What Is Home Equity?
Put simply, home equity is the difference between what your home is worth (its market value) and what you’ve already paid into it.
Market Value - What You Owe = Home Equity
For example, if your home has a market value of $500,000 and you owe $350,000 on it still, that means you have $150,000 in home equity.
Boosting Your Home’s Equity
Every time you make a payment on your house, your home equity increases. And every time your home’s value rises so does your equity. With that being said, there are primarily two ways to increase your home equity: increase your home’s value or pay down your mortgage.
Increasing Your Home’s Value
If you’re looking to boost your home equity and improve your day-to-day living, renovating or adding to your home could be the answer. Making smart home improvements or increasing the square footage are effective ways to increase the value of your home. Major renovations such as kitchen remodels, bathroom updates and the addition of office or bedroom space can add significant value to your home.
Making Additional Mortgage Payments
Adding payments towards the principal of your home loan may get the balance down quicker, save you on interest - and, in turn, increase your home equity. But payments may be limited based on your mortgage type and payment plan. With an open mortgage, you can freely place payments towards your principal at the cost of a higher interest rate. With a closed mortgage, the amount you can pay toward your principal is limited and fineable (if the limit is exceeded), but you will have a lower interest rate. Accelerated payments are also an option, allowing you to pay in varying intervals over a month rather than monthly. However, the overall cost of an accelerated plan is higher.
Depending on your mortgage type, If you experience a sudden or unexpected windfall (such as a bonus at work or lottery winnings), you could choose to put a chunk of that toward your mortgage payment. Alternatively, you could choose to bump up your monthly mortgage payments. Just be sure, however, that you are still able to address your other financial obligations and needs - paying down debt, covering other fixed expenses and regularly contributing to your emergency fund.

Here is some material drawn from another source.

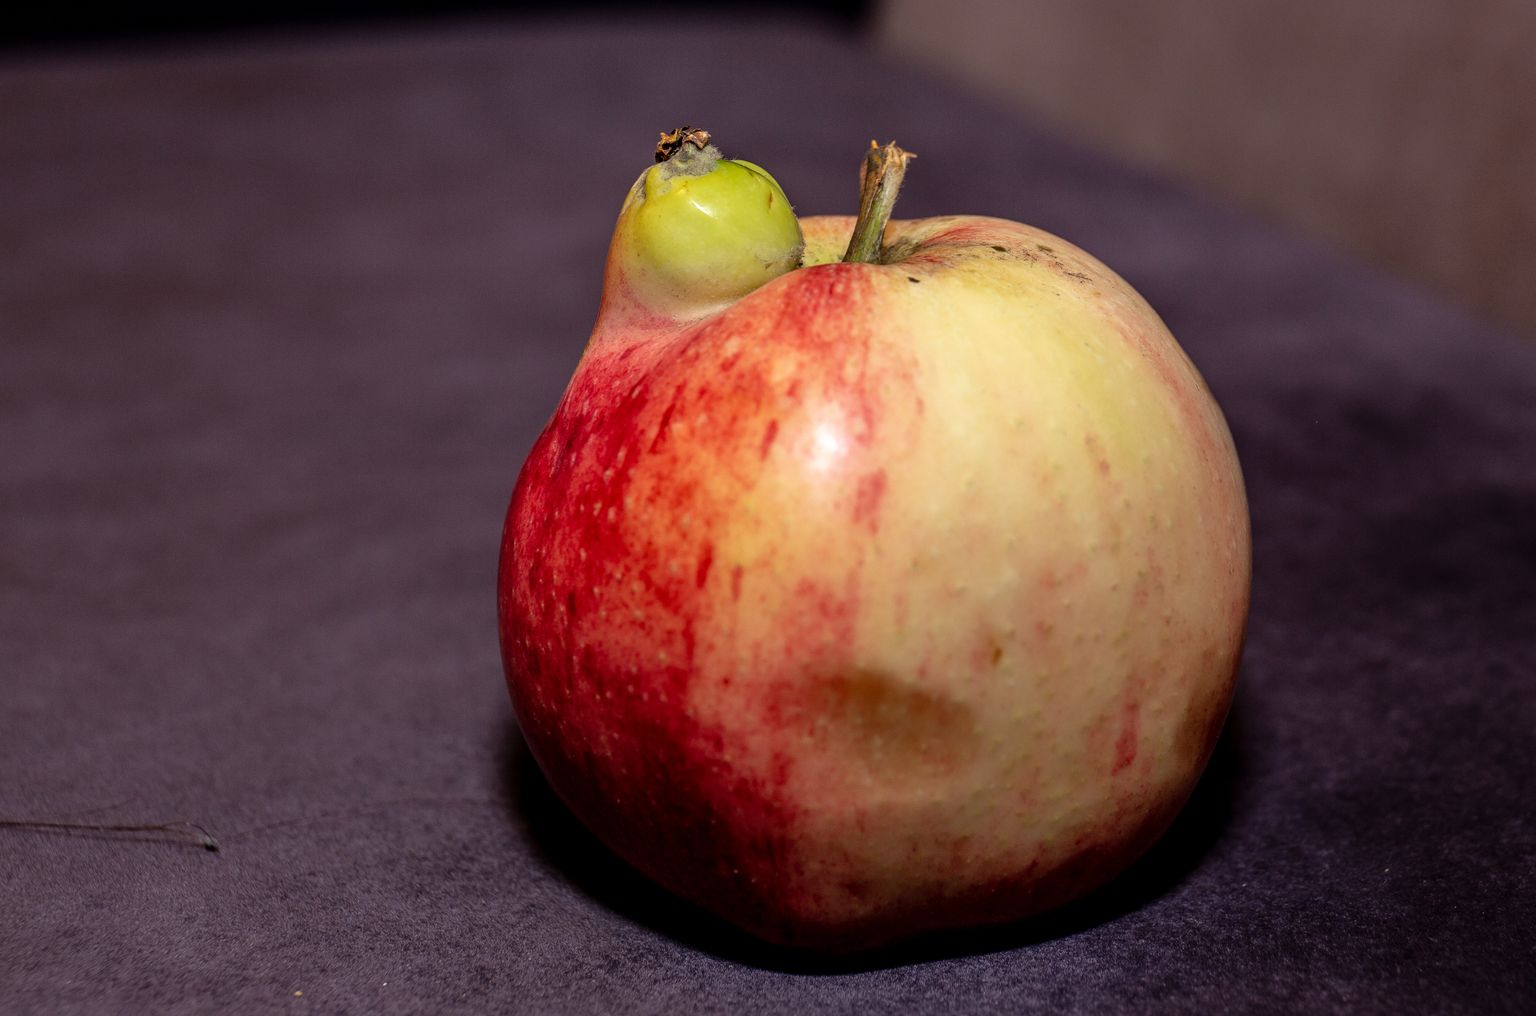 Õun, mis kasvatas endale tillukese kaksiku.

Alternatively, you could choose to adjust your amortization period, choosing to repay your mortgage over 20-years instead of the traditional 25 years may pay down the loan's principal faster, causing your equity to accrue more quickly. However, if you choose to do this, it’s important to account for any associated costs and penalties that come with refinancing.
Whether or not you could make a large down payment, there are still ways to build equity in your home. Building equity is an important part of protecting your investment, and it provides you with a safety net should you need to borrow against it in the future.